1. Because God tells Cain, Gen. iv. that however sin might set upon him, he ought or might be master of it: for the most learned [137] interpreters understood the words of sin, and not of Abel, and give so strong reasons for it, that nothing can convincingly be inferred, from so doubtful a text, to our author’s purpose.
2. Because in this of Gen. xxvii. Isaac foretels that the Israelites, the posterity of Jacob, should have dominion over the Edomites, the posterity of Esau; therefore says our author, heirs are lords of their brethren: I leave any one to judge of the conclusion.

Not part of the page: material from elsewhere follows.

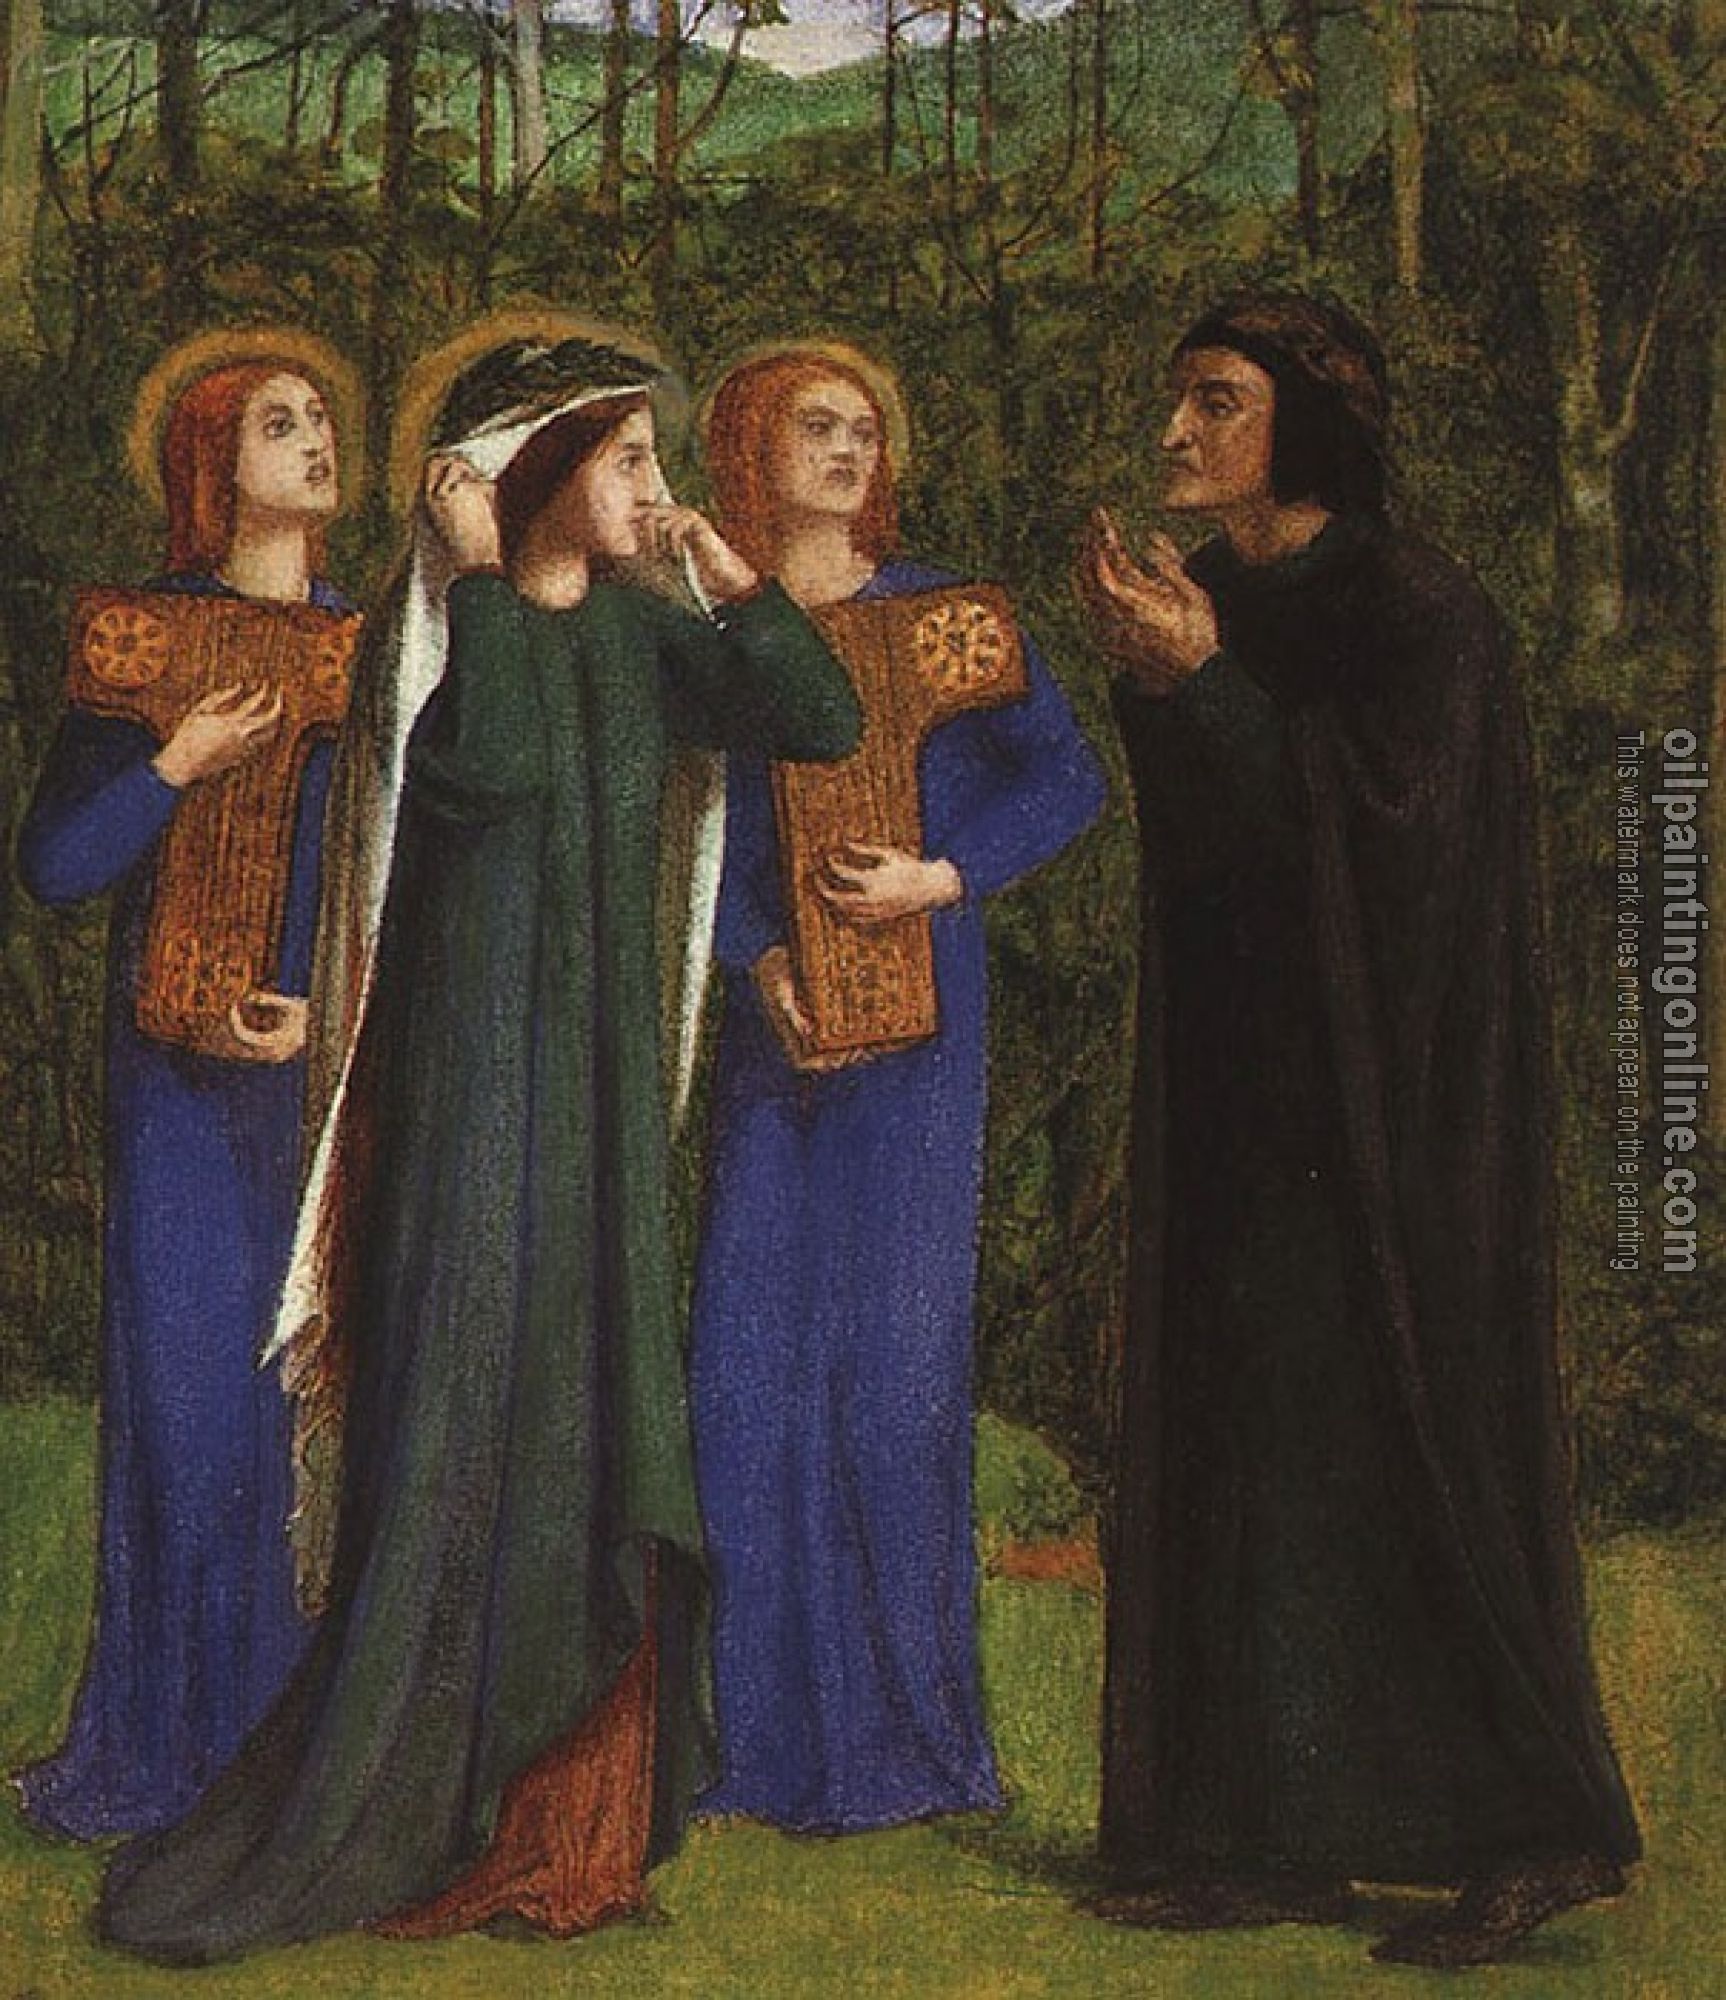 Rossetti, Dante Gabriel - The Meeting of Dante and Beatrice in Paradise

... And now we see how our author has provided for the descending, and conveyance down of Adam’s monarchical power, or paternal dominion to posterity, by the inheritance of his heir, succeeding to all his father’s authority, and becoming upon his death as much lord as his father was, not only over his own children, but over his brethren, and all descended from his father, and so in infinitum. But yet who this heir is, he does not once tell us; and all the light we have from him in this so fundamental a point, is only, that in his instance of Jacob, by using the word birth-right, as that which passed from Esau to Jacob, he leaves us to guess, that by heir, he means the eldest son; though I do not remember he any where mentions expresly the title of the first-born, but all along keeps himself under the shelter of the indefinite term heir. But taking it to be his meaning, that the eldest son is heir, [138] (for if the eldest be not, there will be no pretence why the sons should not be all heirs alike) and so by right of primogeniture has dominion over his brethren; this is but one step towards the settlement of succession, and the difficulties remain still as much as ever, till he can shew us who is meant by right heir, in all those cases which may happen where the present possessor hath no son.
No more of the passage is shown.